Records for this task.

■ ■ ■ ■

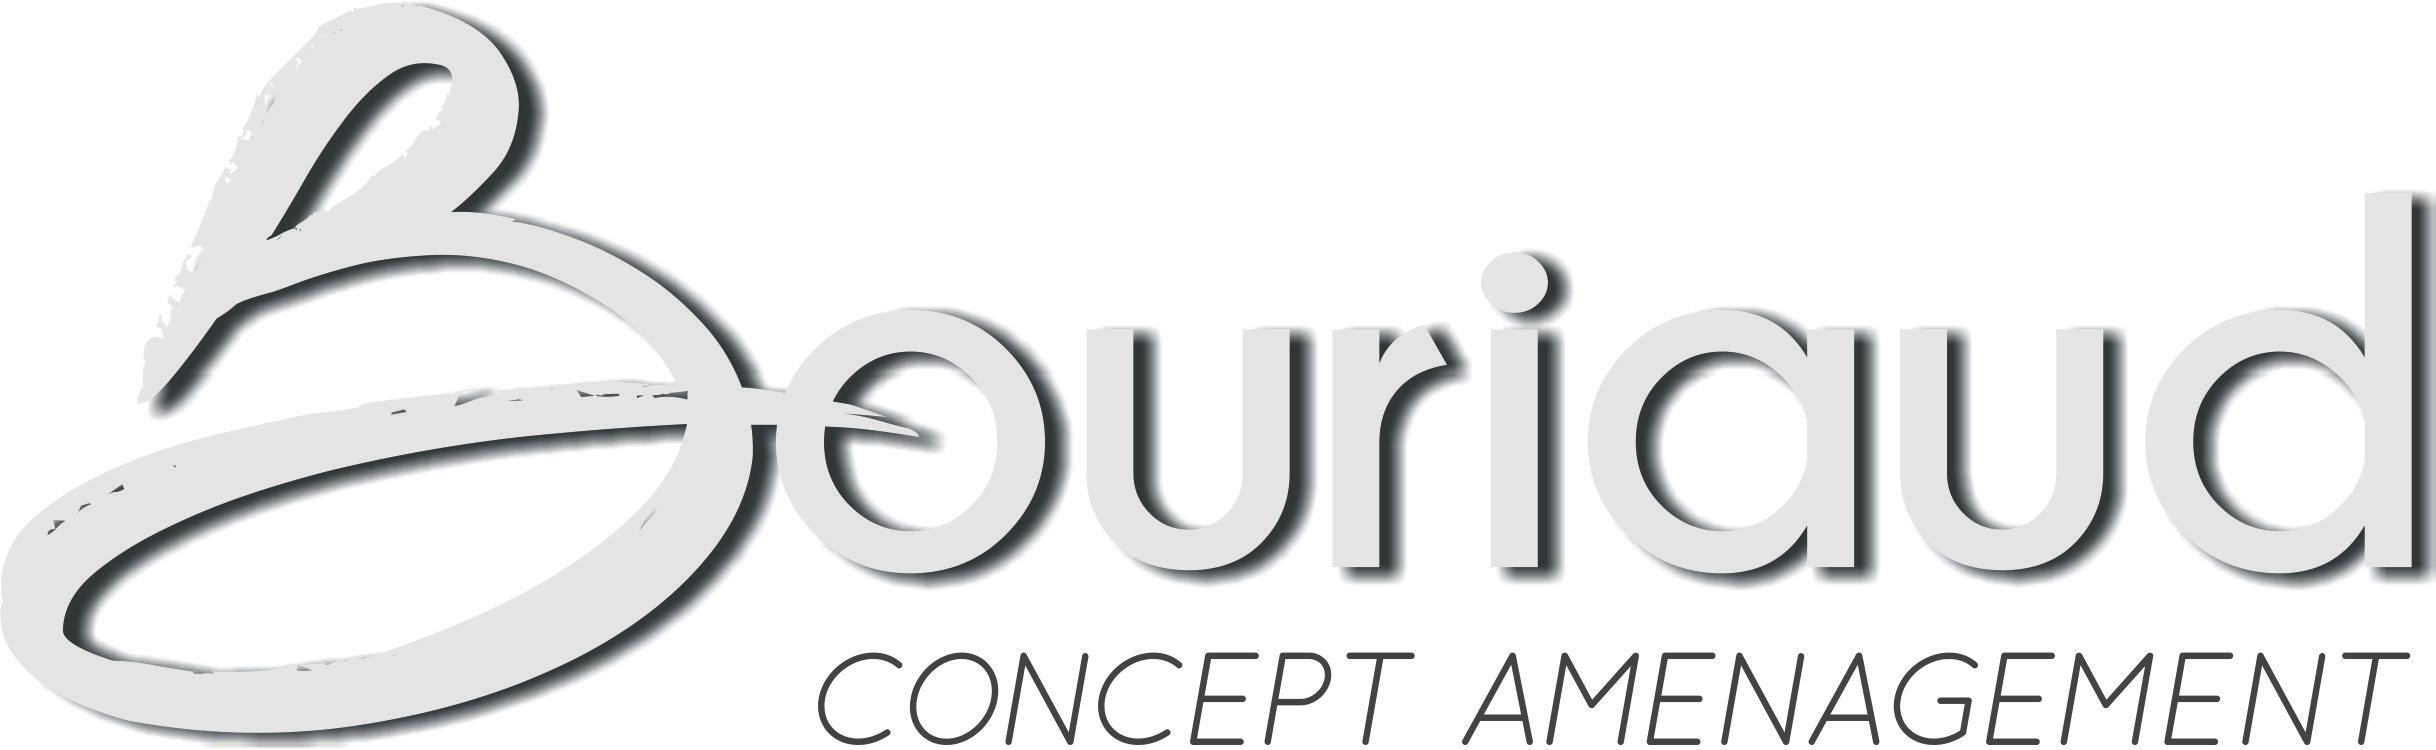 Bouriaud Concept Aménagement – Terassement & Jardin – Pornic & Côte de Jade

■ ■ ■ ■

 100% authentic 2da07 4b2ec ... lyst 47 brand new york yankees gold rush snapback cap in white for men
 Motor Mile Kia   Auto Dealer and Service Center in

■ ■ ■ ■

Directions.
In the listing above, find the line with "100% authentic 2da07" and the line with "Motor Mile Kia", then print exactly those lines and every line between them.

Your response.
 100% authentic 2da07 4b2ec ... lyst 47 brand new york yankees gold rush snapback cap in white for men
 Motor Mile Kia   Auto Dealer and Service Center in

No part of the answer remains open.